### PROBLEM TO WORK ON
The reply should consist solely of the lines from the one that holds "Descargar WordPress e" through the last line of the material, reproduced exactly; no pictures belong in it.

### DATASET SECTION
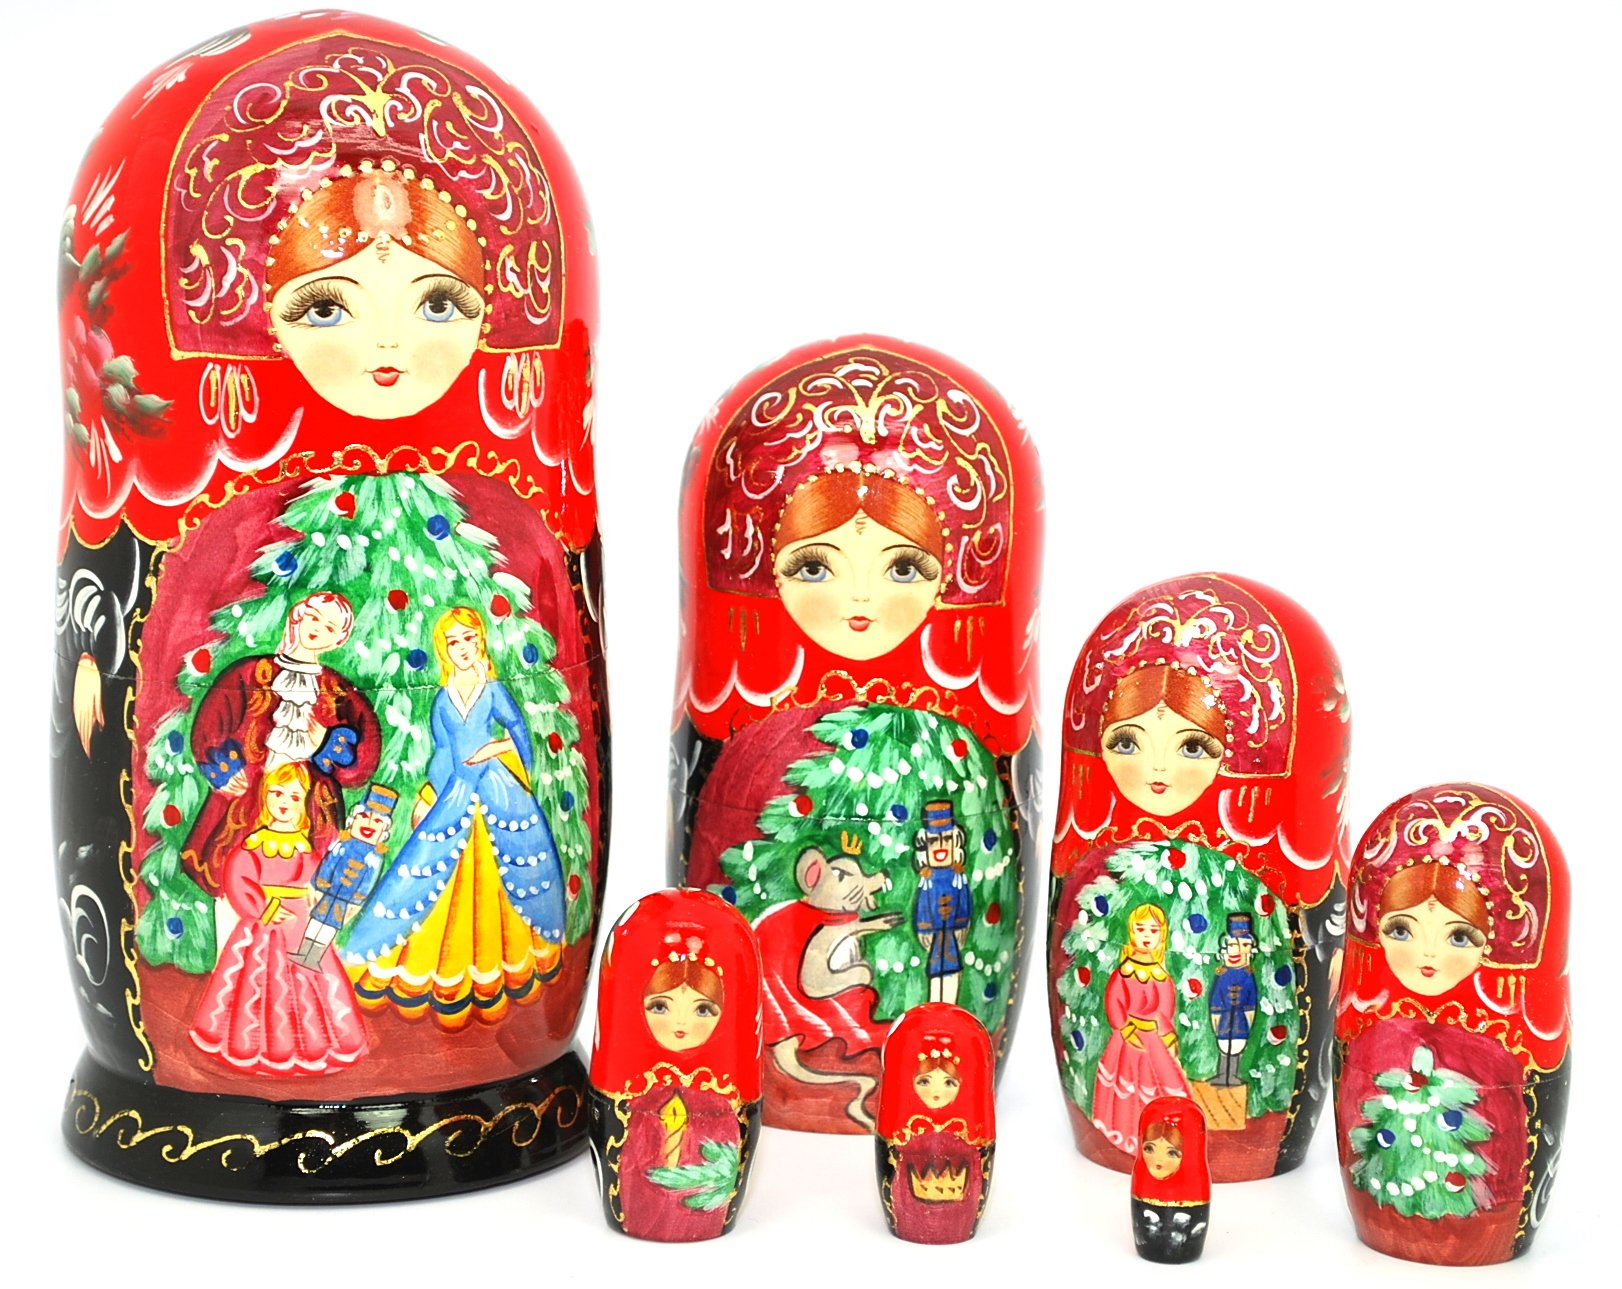 Authentic Russian Hand Painted Nutcracker Set of 7 Pcs Nesting Doll/Matryoshkas Artist Signed
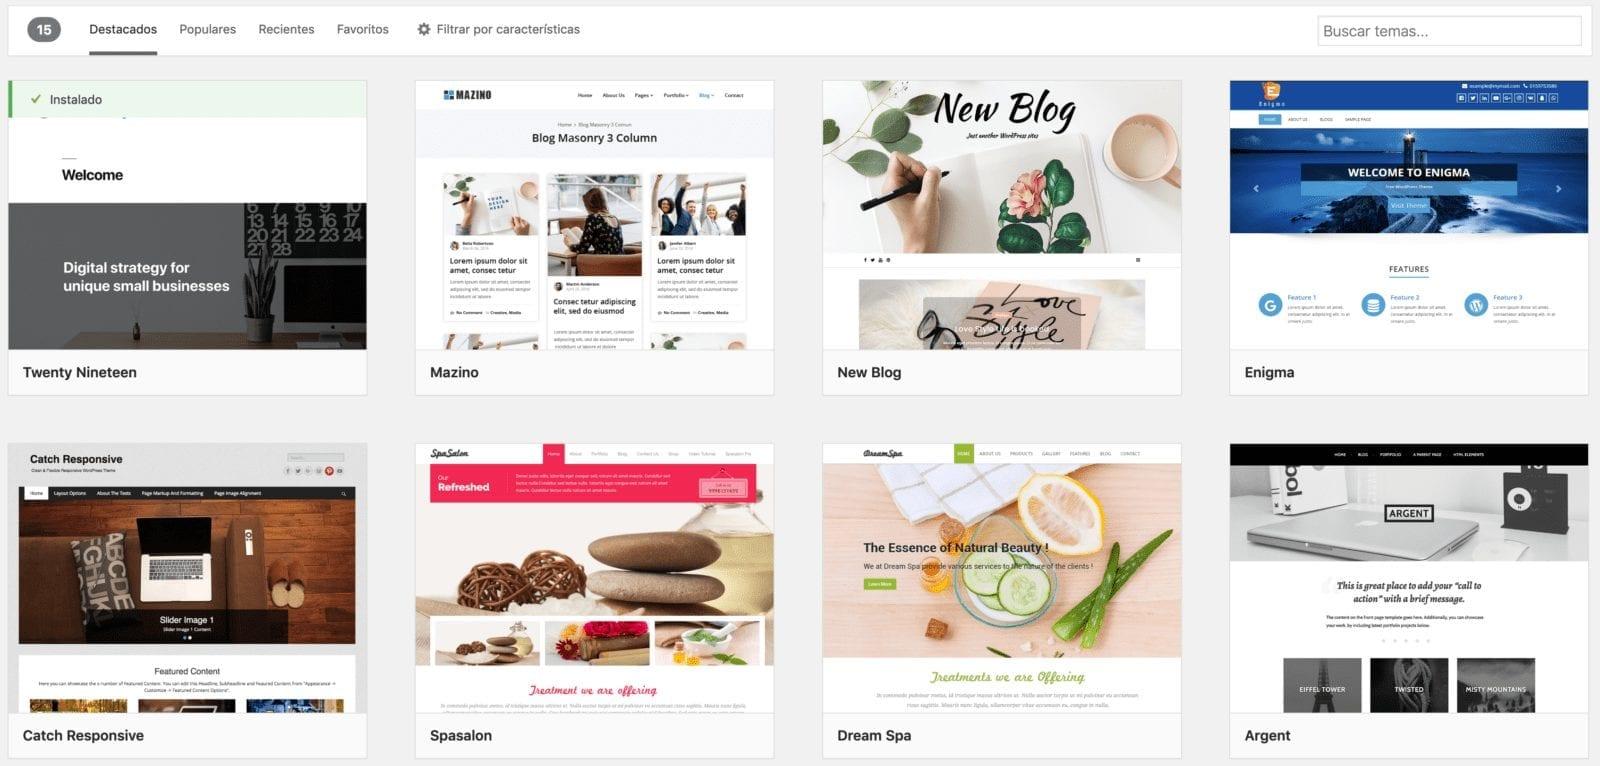 Descargar WordPress e instalar tema/plantilla
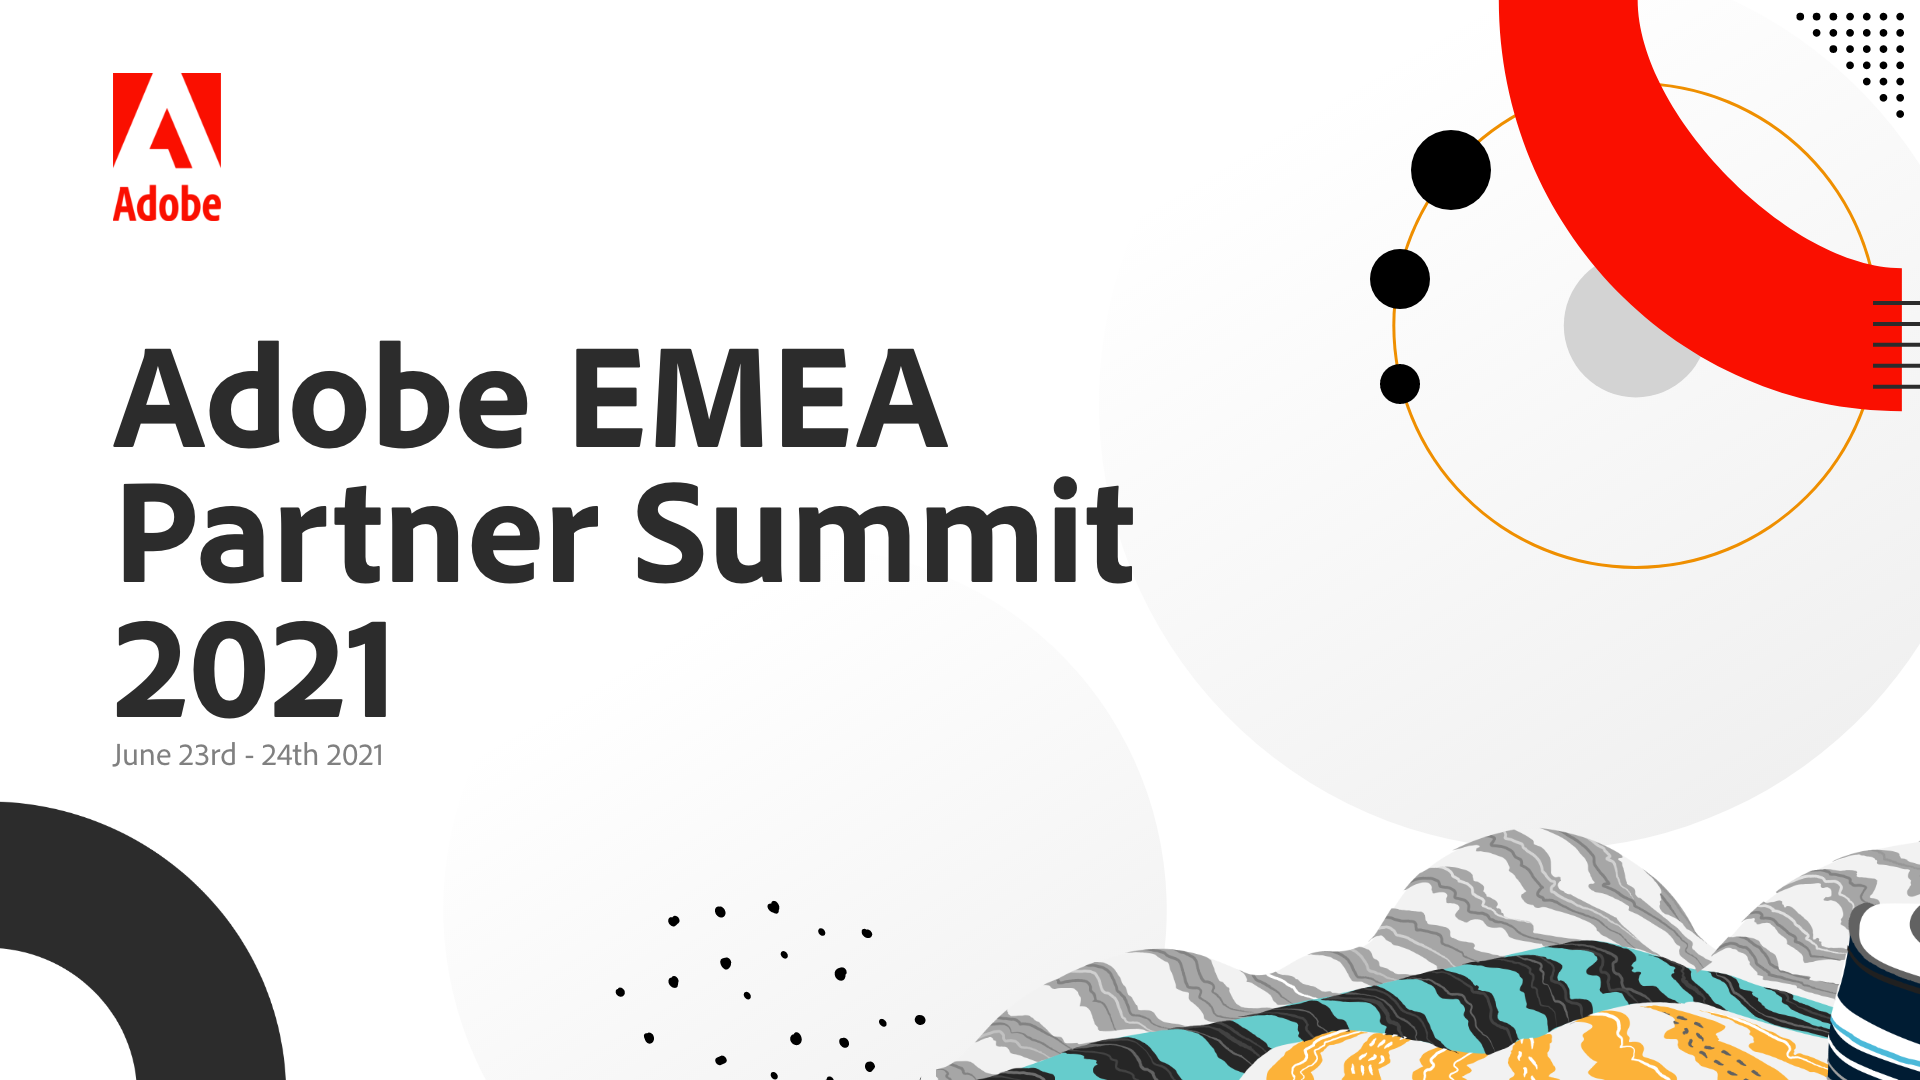 Adobe EMEA Partner Summit
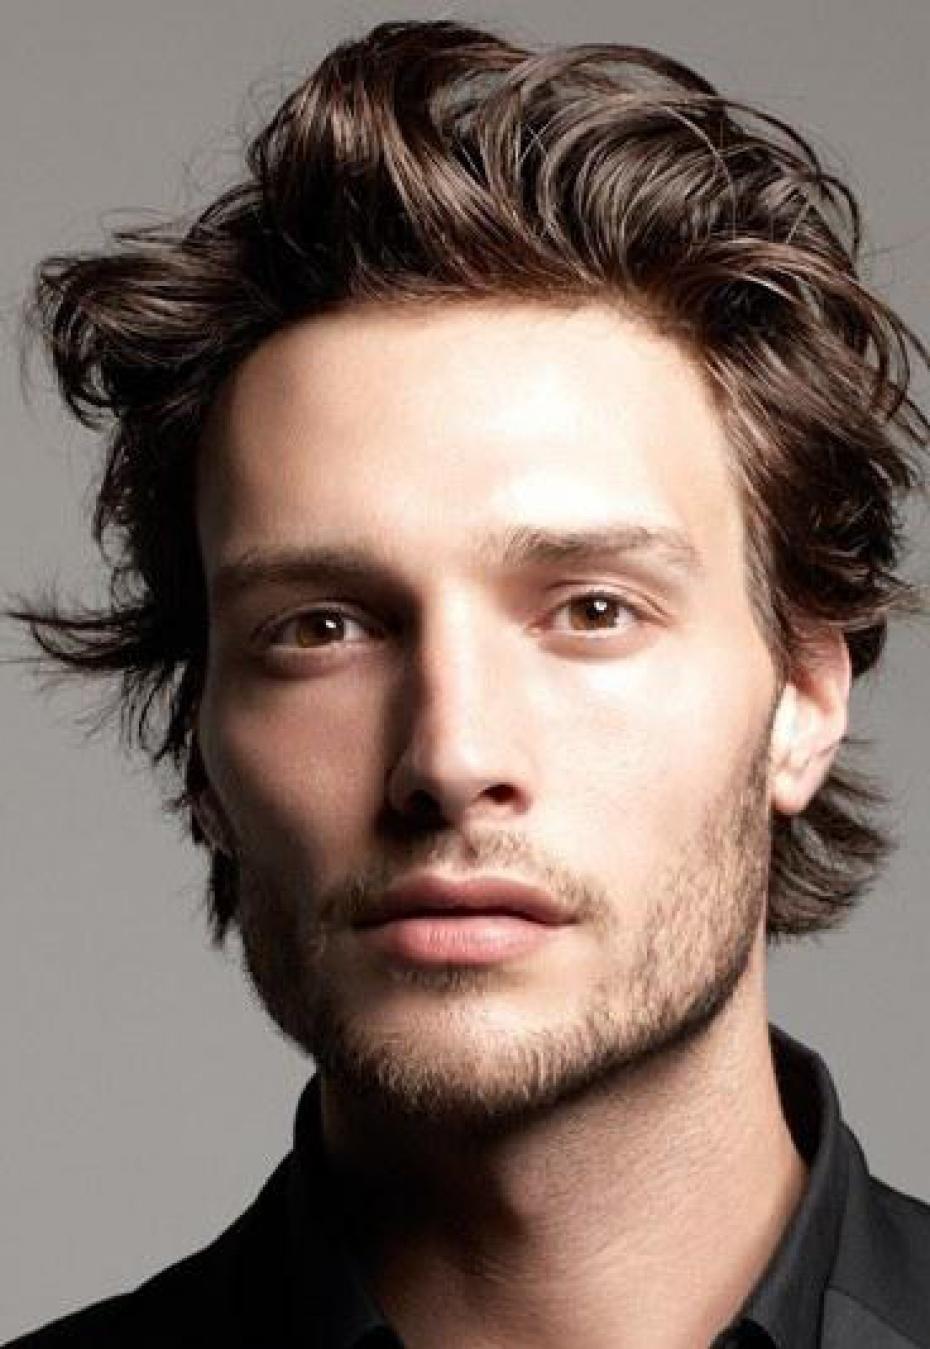 frisuren männer Schöne Sachen Frisuren männer

### ANSWER TO THE PROBLEM
 Descargar WordPress e instalar tema/plantilla
 Adobe EMEA Partner Summit
 frisuren männer Schöne Sachen Frisuren männer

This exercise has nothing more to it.